Helping Remigio through his conversion was Jesuit Father Jerry Overbeck, a professor, chaplain and pastoral counselor at Loyola University Chicago who visits the Cathedral Basilica of Our Lady of Peace for an extended period each summer.
Elefante made the introduction. They “clicked,” he said.
That was a little over a year ago.
“It has been an incredible grace to be welcomed into his journey of faith the way he has welcomed me,” Father Overbeck said. “I could just tell we were soulmates. I don’t know why.”
“And the initiative that young man took to contact me, both through phone and email, was amazing,” the priest said, “just sharing his faith journey, the ups and the downs, the best and the worst of it.”
“We come here as sinners to be saints,” said Father Overbeck, “and Reno’s been forthright about that.”
He said he helped Remigio “look at his experiences through the lens of faith.”
“It’s bigger than you. It’s bigger than me. God is at work in your heart and because you are open to the activity of the spirit of God, you are, in fact finding your life transformed,” Father Overbeck said.
“So he is now surrounding himself with a community of faith and living out what he celebrated after Easter,” he said, “that he’s on board, that God has welcomed him to be a full Catholic. He is embracing that with mucho gusto. He is just proud of his Catholic faith.
“He’s been through a lot. We’ve all made mistakes and that is why sinners get called,” he said.
Remigio proceeds with no illusions. “I’m still learning how to take it in,” he said. “I’m still very grateful. And as Brandon said, the true test is now. And he was not joking.”
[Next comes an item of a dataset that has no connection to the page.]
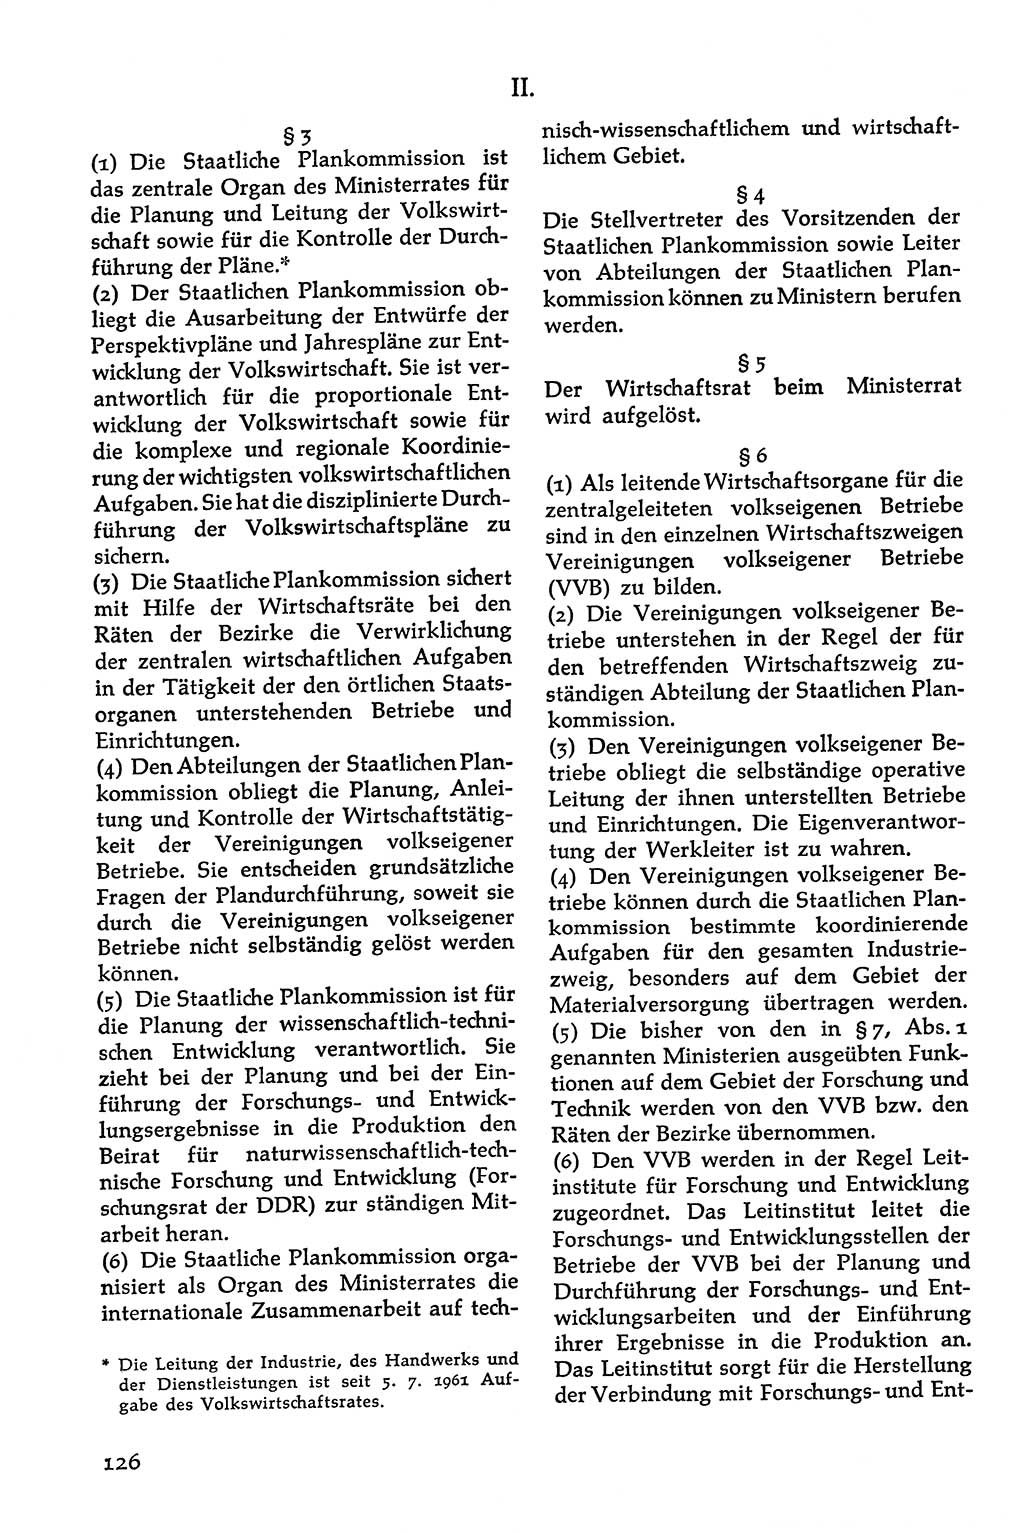 Volksdemokratische Ordnung in Mitteldeutschland [Deutsche Demokratische Republik (DDR)], Texte zur verfassungsrechtlichen Situation 1963, Seite 126 (Volksdem. Ordn. Md. DDR 1963, S. 126)

“I’m still, I would say, an infant as a Catholic.”
Pieces of a prior life
In the meantime, pieces of his prior life are resolving themselves. He has joint custody of his two children from his former marriage who now live with their mother on the mainland.
The abuse charge was dismissed. The foreign former girlfriend moved back to her home country.
He won his fifth comeback fight, and lost his sixth, in the welterweight division. But that defeat, coming a few days before his confirmation, did not affect him the way his old losses did. “I learned so much from that experience. I took it like a man.”
His confirmation and first Communion on May 4 at St. Elizabeth Church “was a very momentous occasion,” he said. “It touched my heart. My hope is to break the chains of the past, and to constantly grow in the faith as a confirmed Catholic man of God.”
“It’s a serious commitment. And I really love that. I really appreciate it. I love who I’m becoming through this. Catholicism has really given me direction in life. It really helps me aim high.”
“I’ve got to say I’ve been living my best life,” Remigio said. “It hasn’t been easy at all. And the tests have been coming. But knowing that, I have good people, I have a better and stronger relationship with God, and I’m better taking care of myself.”